Following a visit to Kingston-upon-Thames crown court to see how it would work in practice, victims’ minister Damian Green said: “It is crucial that people who have experienced or reported horrific crimes are given the highest possible level of protection and support. I am determined that their needs will be put first.
“It is vital the right to a fair trial is upheld. As part of that, if someone is accused of a crime they should be brought to justice as swiftly as possible.
“If you have experienced a horrendous crime, giving evidence in the pressured environment of a live courtroom, in front of the jury and the public gallery, can be intimidating and perhaps too much to ask.
“That’s why we are trying a new approach, the first of its kind, which prioritises the victim.”
“I hope this test will allow pre-trial cross-examination to take place more widely.”

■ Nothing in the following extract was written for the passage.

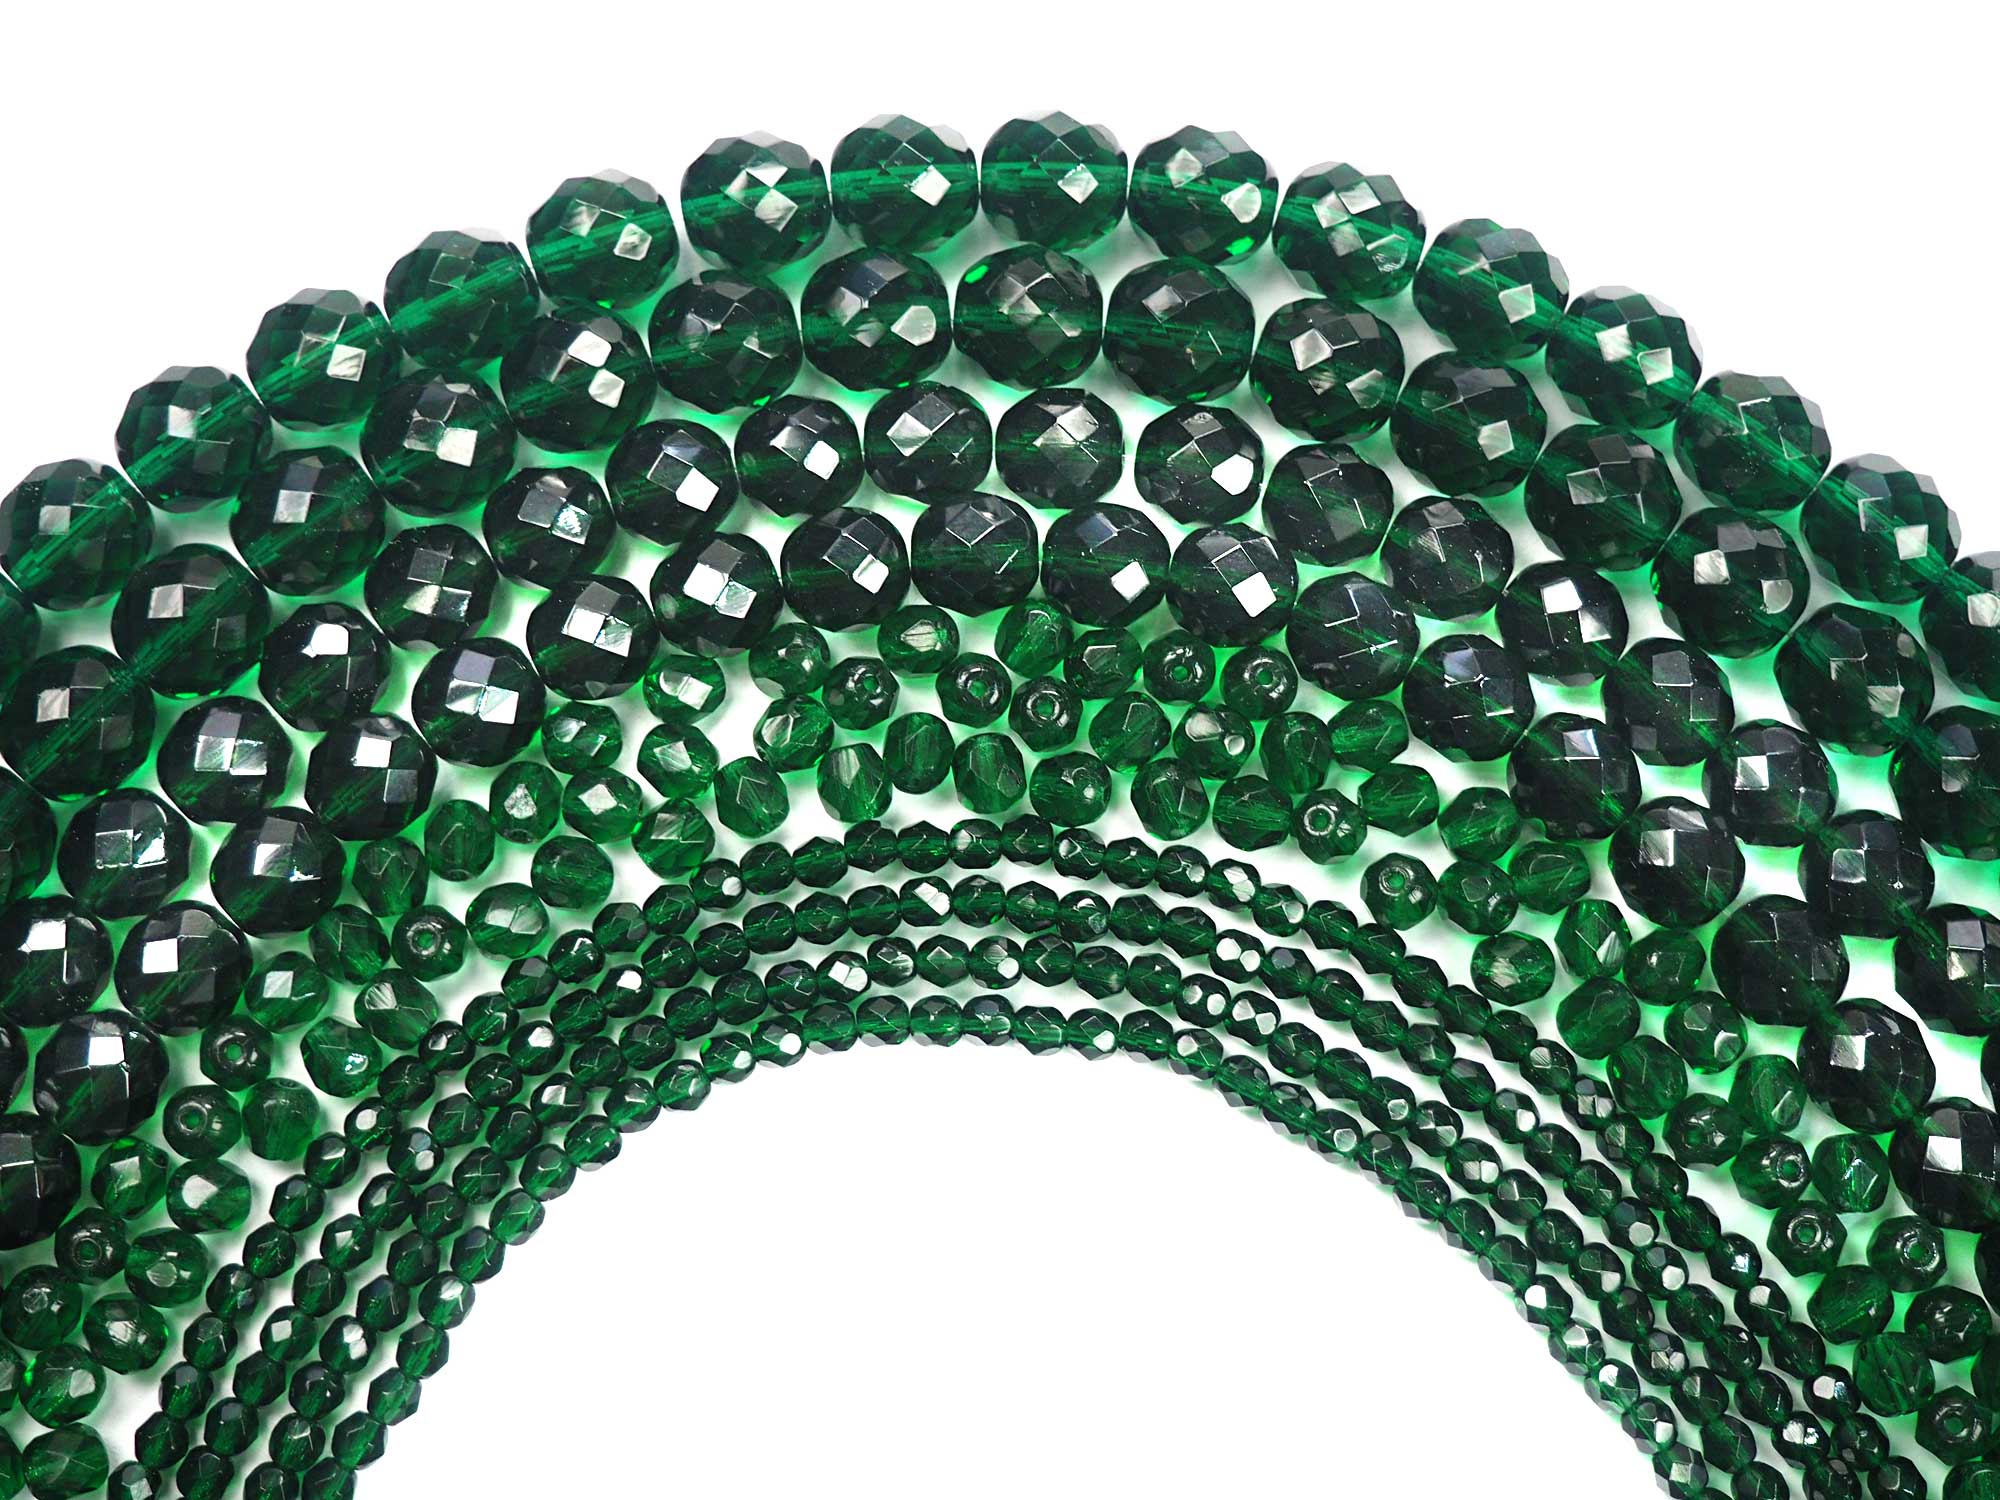 Medium Emerald green, Czech Fire Polished Round Faceted Glass Beads, 16 inch strand

There is even a very good YouTube video:
It often seems to escape Home Office officials, judges and even their own lawyers that child asylum seekers are victims first and foremost. Child asylum seekers may not risk being in the same room as a past abuser, but they are certainly victims of trauma and often violence. Yet pretty much zero protective measures are put in place for their protection. Instead, they are subjected to repeat questioning throughout the asylum process, sometimes of an insensitive nature.
If you are interested in best practice in the representation of children in the immigration tribunal, do take a look at the ILPA guides, one of which I had a hand in:
Working with children and young people subject to immigration control: Guidelines for best practice (second edition, March 2012), ILPA/Heaven Crawley.
Working with refugee childen: current issues in best practice (second edition, February 2012) Syd Bolton, Kalvir Kaur, Shu Shin Luh, Jackie Peirce and Colin Yeo for ILPA.
2 responses
Thanks for raising this interesting issue. While the importance of protection of the child throughout the process is rightly emphasised in the ILPA guidance, in my experience where child witnesses (rather than Appellants in their own right) are concerned the difficulty is rather persuading the Tribunal to allow them to give evidence.
The practice direction rightly states that the tribunal should refuse to permit a child to be called where their evidence is not necessary and their welfare would be prejudiced otherwise. But judges seem minded to refuse to hear child witnesses simply on the basis that their evidence has been provided by way of a witness statement. It can be very difficult to understand e.g. just how much regular short visits from a parent mean to a child from a statement that has ultimately been drawn up by an adult instructed by the Appellant, whereas the same words simply expressed live by a child can wipe away all doubt.
Effective protection can be provided though prior agreement – or even a ruling if necessary – on the nature and extent of any cross examination, should any be necessary at all.
It is a real difficulty – protecting the child can sometimes be at the expense of denying the child the right to be heard, which can in fact be far more damaging in the long run. Strong protective measures to enable children to give evidence safely have to be the right way forward, at least where a child wants to give evidence.